Who gets spindle cell melanoma?

The current one incidence of spindle cell melanoma is unknown. Studies have suggested that between 1% and 14% of melanomas They are of the spindle cell variant (including desmoplastic melanoma) [2,3].

Spindle cell melanomas occur most frequently in Caucasian men, affecting men and women in a ratio of 1.6:1–1.9:1 respectively. The average age at diagnosis is 50–80 years [1,4].

What causes spindle cell melanoma?

The exact cause of spindle cell melanoma is unknown.
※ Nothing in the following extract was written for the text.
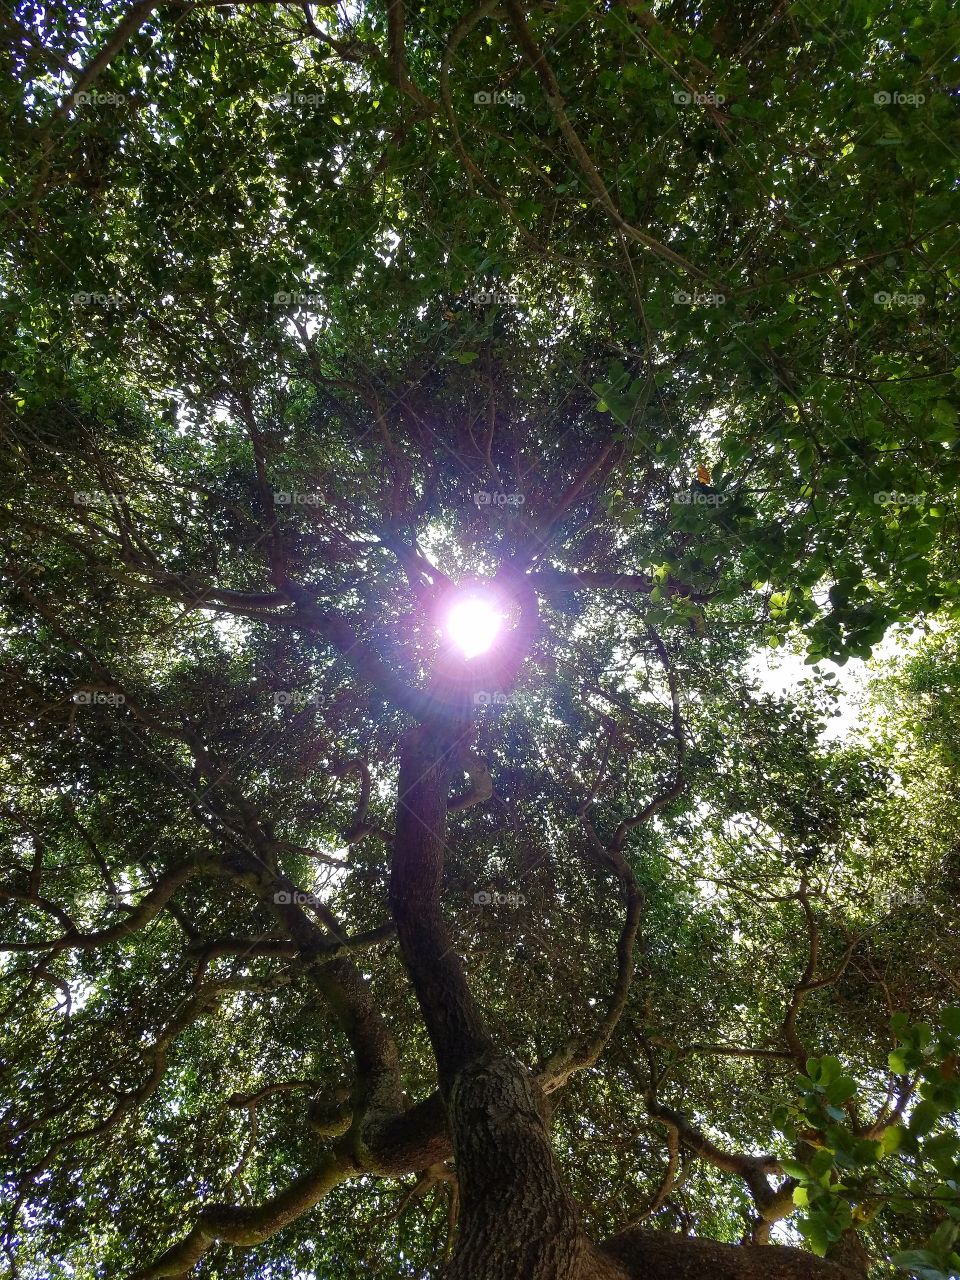 Sun shining through branches

Spindle cell melanoma shares some common symptoms. mutations with conventional (epithelioid) melanoma.

  • Approximately 30% of spindle cell melanomas contain BRAF mutations the V600E substitution mutation It is the most common.
  • NRAS and TEAM Mutations are rarely seen [4].

An association between spindle cell melanoma (including desmoplastic melanoma) and lentigo Malignant growth has been observed in sun-exposed areas [5].

What are the clinical features of spindle cell melanoma?

Spindle cell melanoma often presents as nonspecific amelanotic (no-pigmented) nodule in the patient's trunk, head or neck [1,3].

It can also be presented first as extended melanoma metastasis.

What are the complications of spindle cell melanoma?

Metastasis is the main complication of spindle cell melanoma. Delays in diagnosis may occur due to its atypical presentation histologically [1–3].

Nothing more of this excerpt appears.